The Art of Procrastination

Here I am on a Sunday afternoon, stressing about getting the final draft done of my memoir. I hate being in this place. I am not talking about my current geographic location--the Rochester Hills Public Library. I mean that I hate having something that I need to get done by a certain time and being in that particular zone of anxiety, stress, and fear of failure that always seems to accompany that brief span of time leading up to a deadline. Why do I always allow myself to get here? Why do I put myself here? Is it a lack of discipline? Is it a lack of time management? Or is it something else?

I am not going to make excuses, but I can say that I can come up with quite a lot of reasons why I didn't get working on this earlier in the week. I am married with two children, one of which isn't quite a year old, and I do work fulltime with an hour long commute each way to my place of employment. I can mention that I had family come to stay at my place these past few days. However, there have been plenty of times in my life when I didn't have all these responsibilities and I still found myself in the "procrastination zone."

I guess what I am suggesting is that perhaps some people work better under pressure than others. Maybe some people need the pressure to motivate them to get things done. I certainly hate how I feel when I am in the zone, but it seems that I do better getting done everything else that is expedient in my life first so that I can be free to bring all my powers to bear on the task that I need to get done by deadline. The feeling of relief I feel when making a deadline, perhaps, is my trophy for a completed task.

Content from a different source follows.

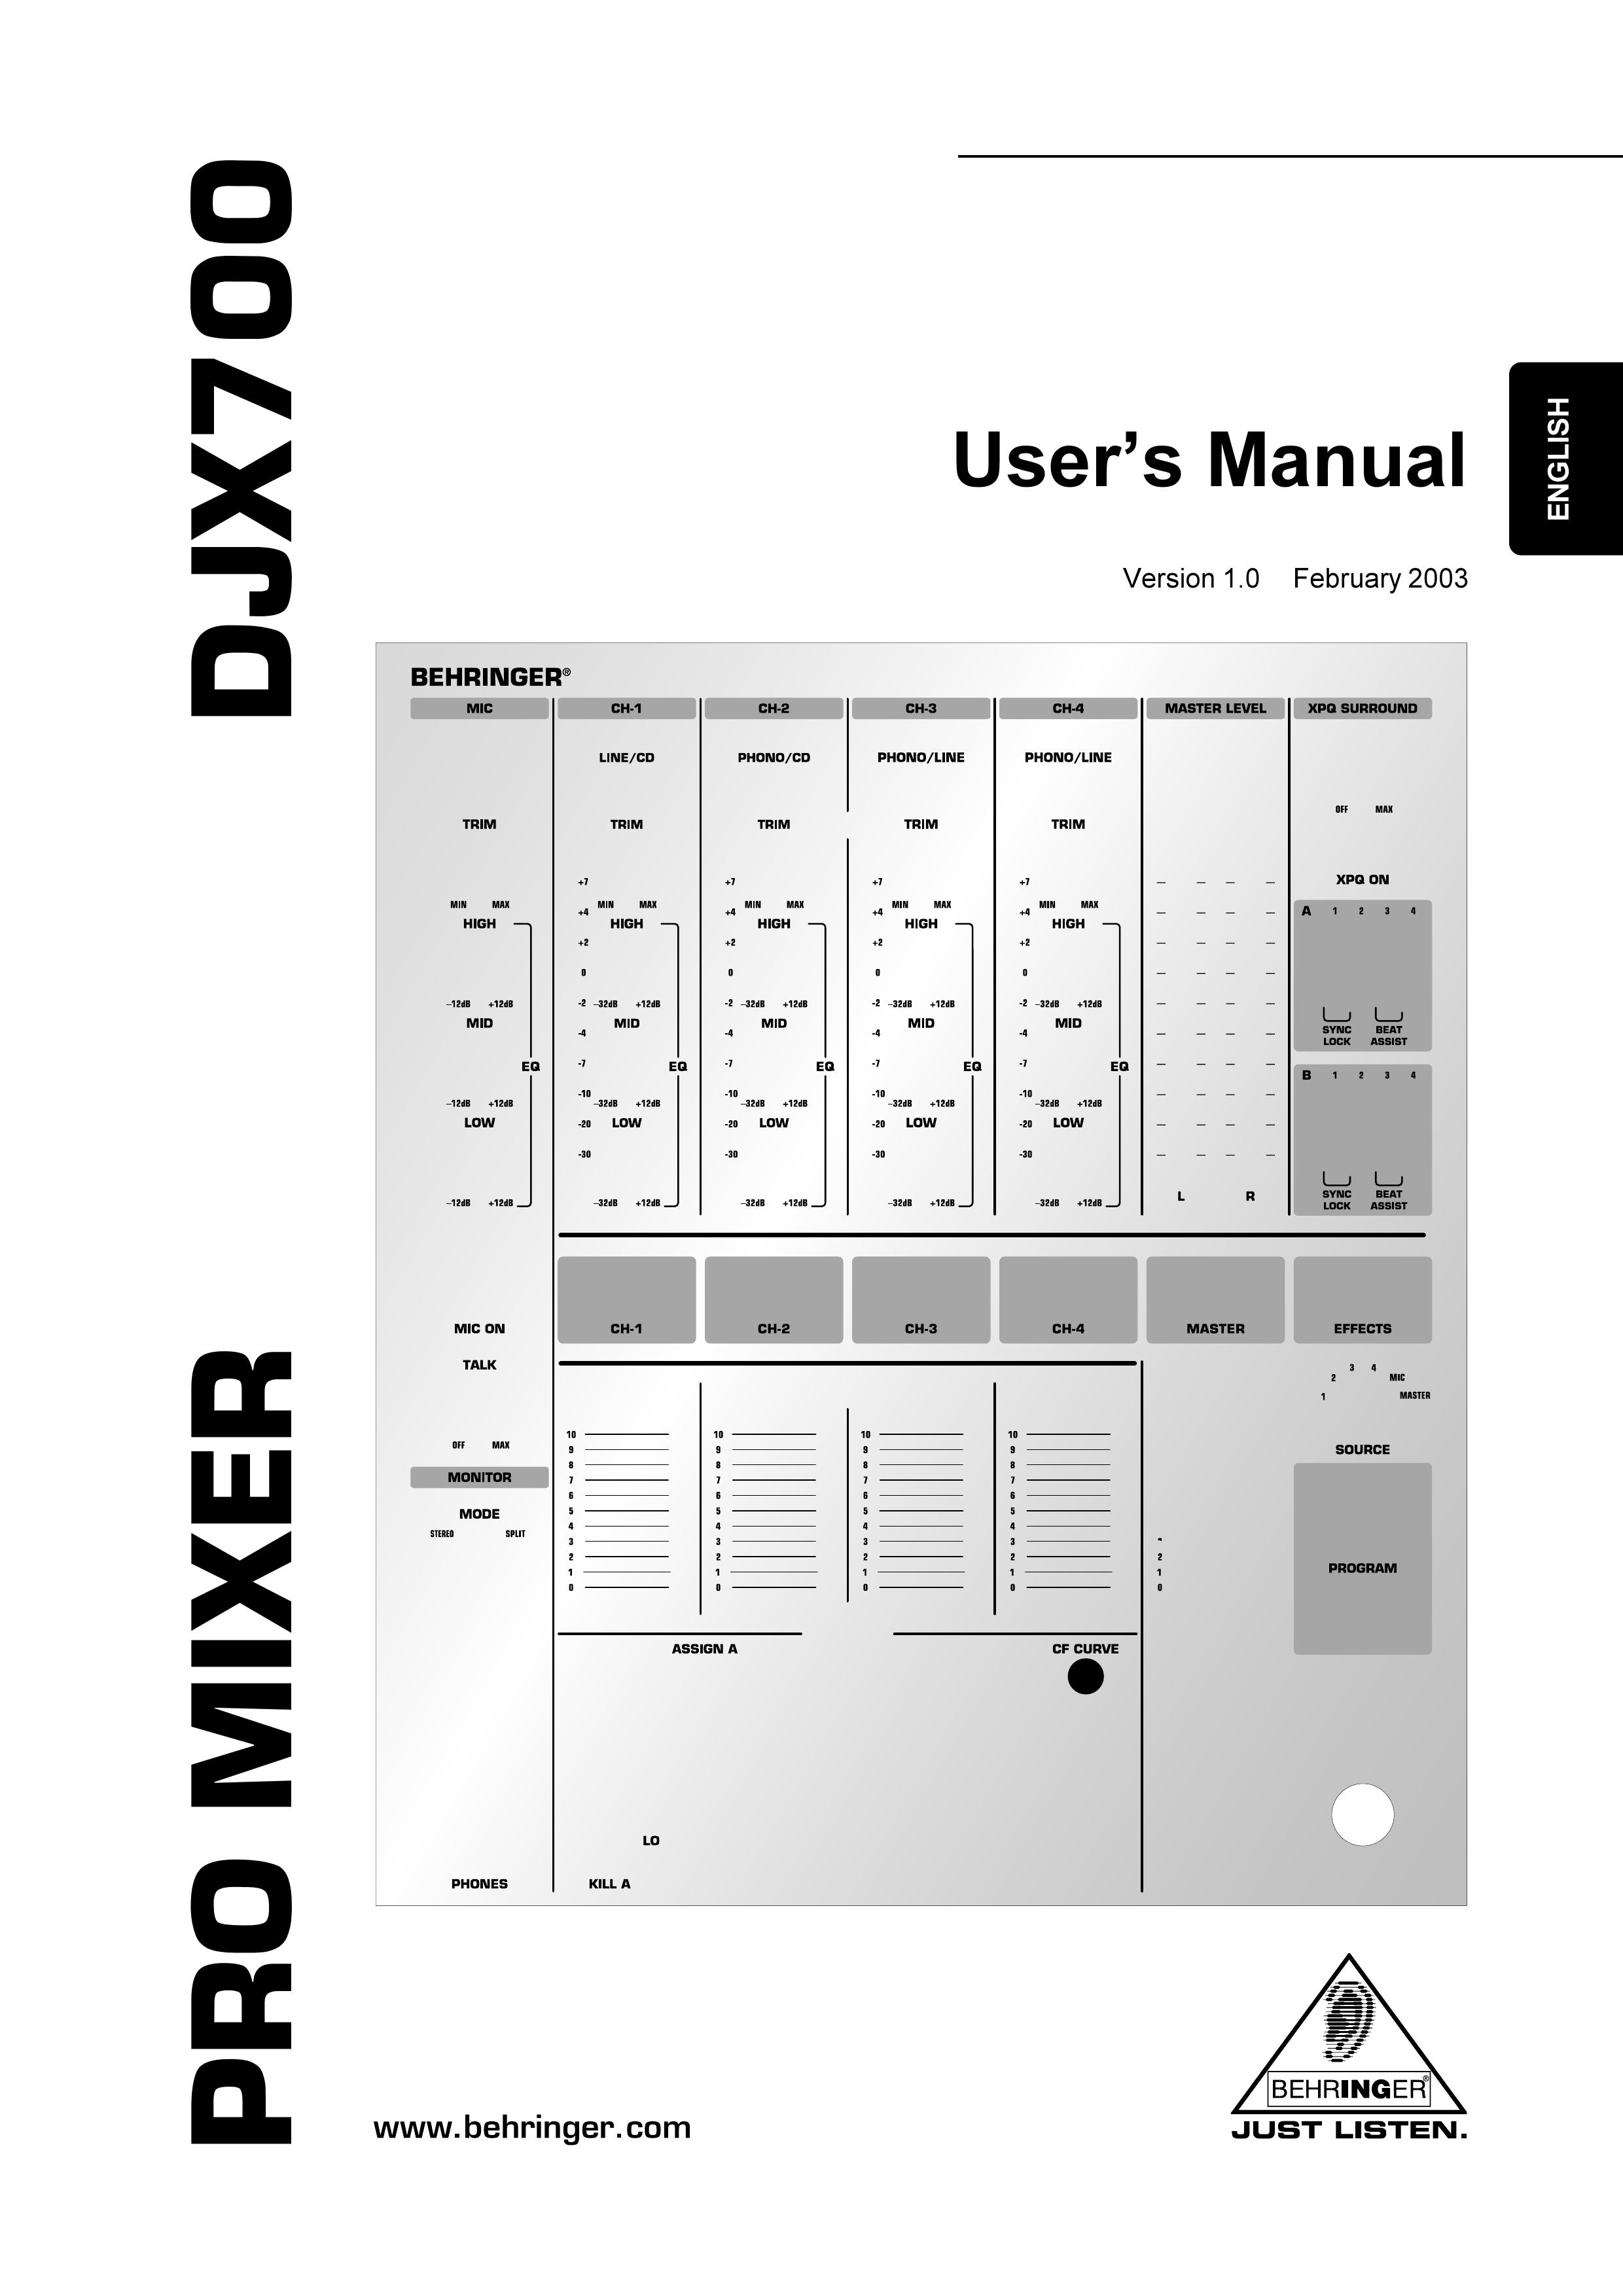 Behringer DJX700 Musical Instrument User Manual

I hate pressure and stress, but historically I seem to pull through and get jobs done on time under the yoke of those two nasty, intangible motivators. At any rate, now that I got this blog done I can get on finishing my memoir.

1 comment:

Makes Sense said...

I think that the majority of us now have to work under stress; in a way, this works to our advantage. We manage to be quite productive in the time we set aside to get the work done. The disadvantage to this, however, is that we often think we are "done" because of our one attempt. Procrastinators rarely get time or a chance to "do it over" before the due date.